At least we’re not building a new stadium for it. Frederick Melo at the Pioneer Press reports on St. Paul’s tab for the Red Bull Flugtag: “The energy drink’s extreme-sporting events come at a cost of roughly $225,000 in public sponsorship, money that the city and its tourism bureau have searched for ‘under every seat cushion,’ according to Visit St. Paul Chief Executive Terry Mattson. ‘We’ve looked under every seat cushion and came back with $85,000 for the city,’ Mattson said Monday. ‘We haven’t signed a contract or anything like that, but that’s what we deemed was available. There’s a finite amount of resources.'”

That’s not an installation. WCCO-TV has a report on Northrop King Building art studios being burgled: “Burglars cut holes through the walls of the northeast Minneapolis building to get to other studios, according to artist Michelle Brusegaard. She said they were looking for money and electronics.”

In other news …

Joins other claims: “St. Cloud man’s family sues Boeing over deadly plane crash” [St. Cloud Times]

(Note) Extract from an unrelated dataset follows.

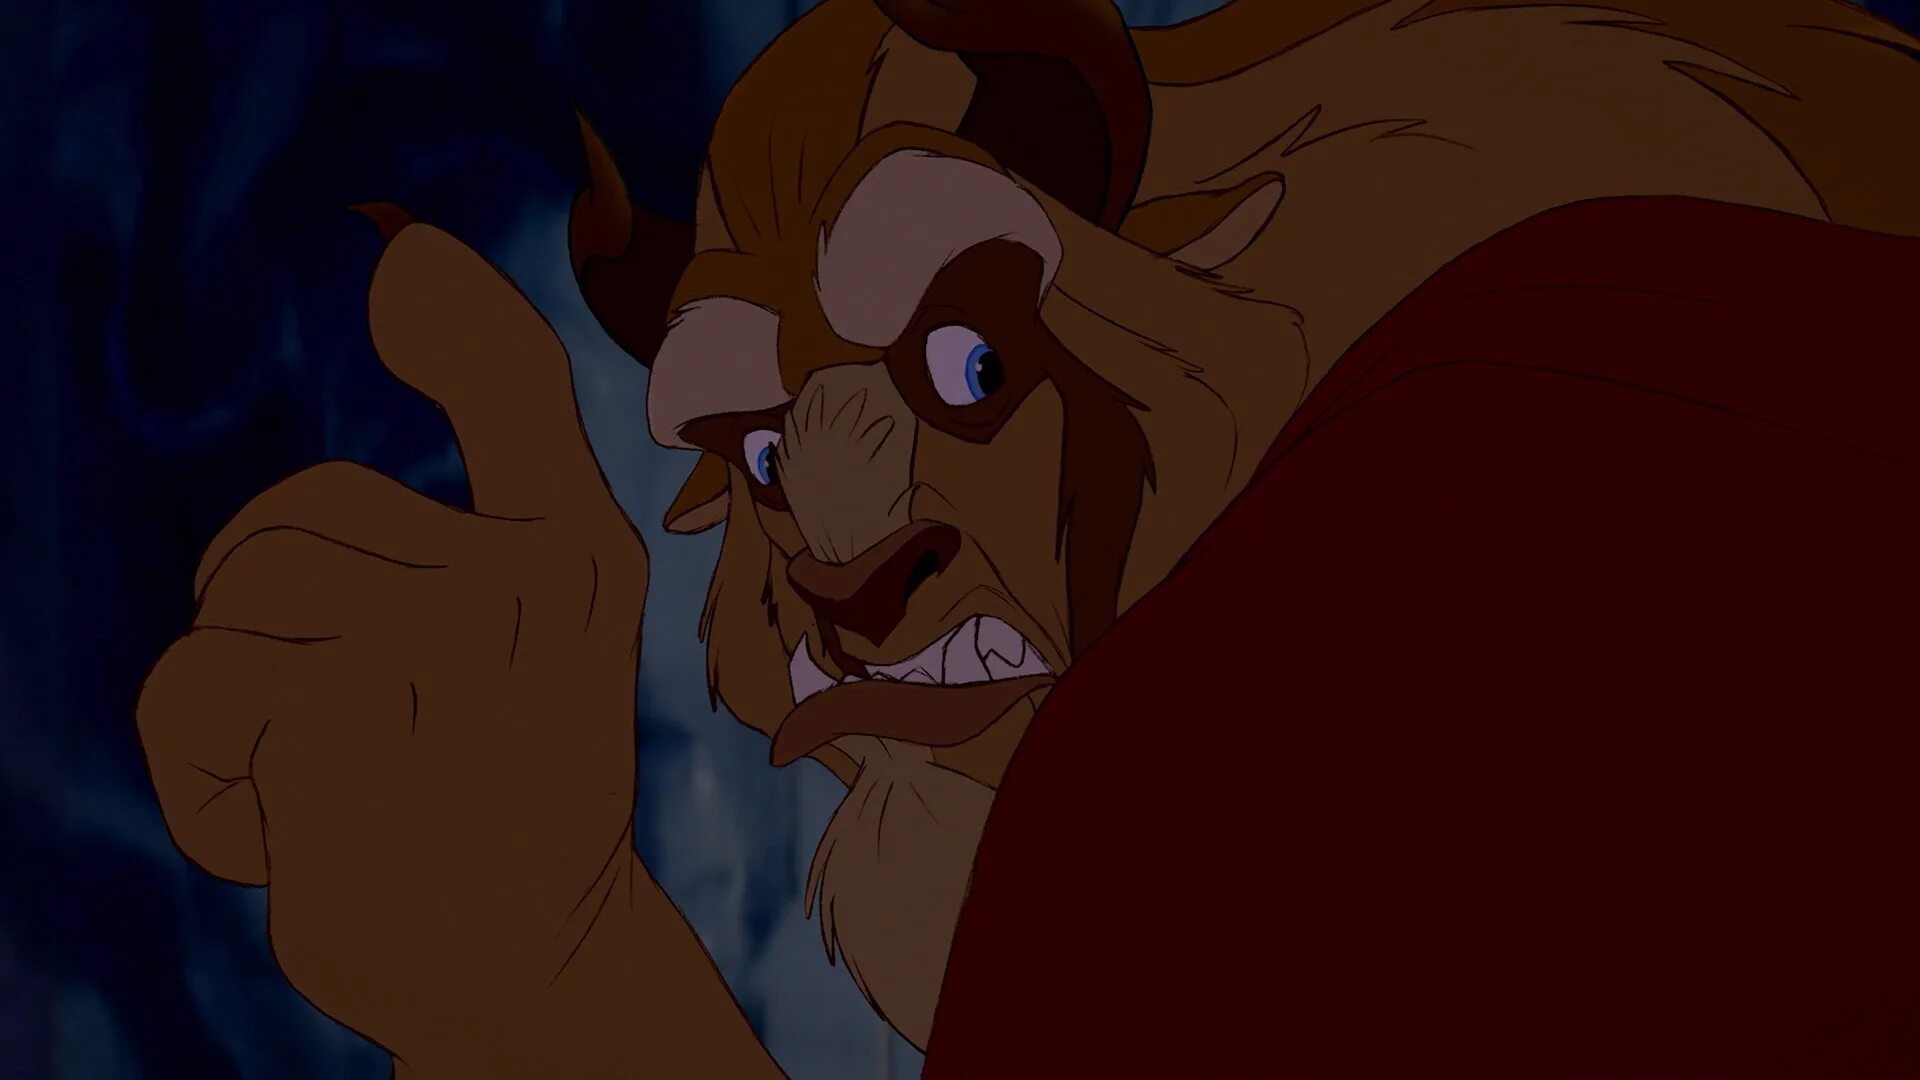 Мой опекун чудовище. Beauty and the Beast 1991 screencaps. Beauty and the Beast Disney screencaps. Рога чудовища из красавица и чудовище.

“It Ends Here”: “MSA relaunches sexual misconduct awareness campaign” [Minnesota Daily]

Back to donuts:Kernza crop failure sends General Mills unit to remake plans for new cereal” [Star Tribune]

Not these donuts: “Driver’s donuts do $4,000 in damage to West St. Paul Sports Complex” [Pioneer Press]

Winter is coming … again: “Multiple MSP airlines issue travel waivers for impending storm” [KARE]

High-pressure system over Target Field: “Forecast alters Twins’ pitching plans” [Star Tribune]

Minnesota’s wild Python:Q&A: Director Terry Gilliam” [MplsStPaul]

Comments (3)

  1. Submitted by RB Holbrook on 04/10/2019 - 12:45 pm.

    When my son was in elementary school, he was out for some days due to a respiratory ailment. We/I received a letter about truancy from the County Attorney’s Office. It was a poorly written series of threats (for example, the salutation just read :”Dear Holbrook,” not “Dear Mr./Ms. Holbrook”) ordering me to show up for a meeting to explain how important this issue was. I went to the meeting and ended up having a big argument with the paralegal who drafted the letter. I said I didn’t think the tone of the letter was appropriate, especially since many of the families at my son’s schools came from cultures where law enforcement was not such a benign presence. She shrugged that off, saying she comes from one of those cultures herself and saw nothing wrong with the tone.

    I was told I could leave before the meeting started. No one arrested me, but then, I’m a middle class white guy whose native language is English.

  2. Submitted by Ray Schoch on 04/10/2019 - 04:23 pm.

    “…At $250, Minnesota would impose the highest-in-the-nation fee on electric cars under the Senate’s transportation omnibus bill released Tuesday.”

    Smells like a lot of oil industry money in Republican campaign accounts, not to mention significant climate change denial, so they can punish “liberals” who disproportionately drive hybrid and electric vehicles, and meanwhile adamantly oppose a 20¢ gas tax hike that would affect Republicans and Democrats in proportionate numbers.

    • Submitted by RB Holbrook on 04/11/2019 - 08:50 am.

      The “fee” has nothing to do with raising revenue. It’s about dumping on liberals.

      Another day of Republican hippy punching.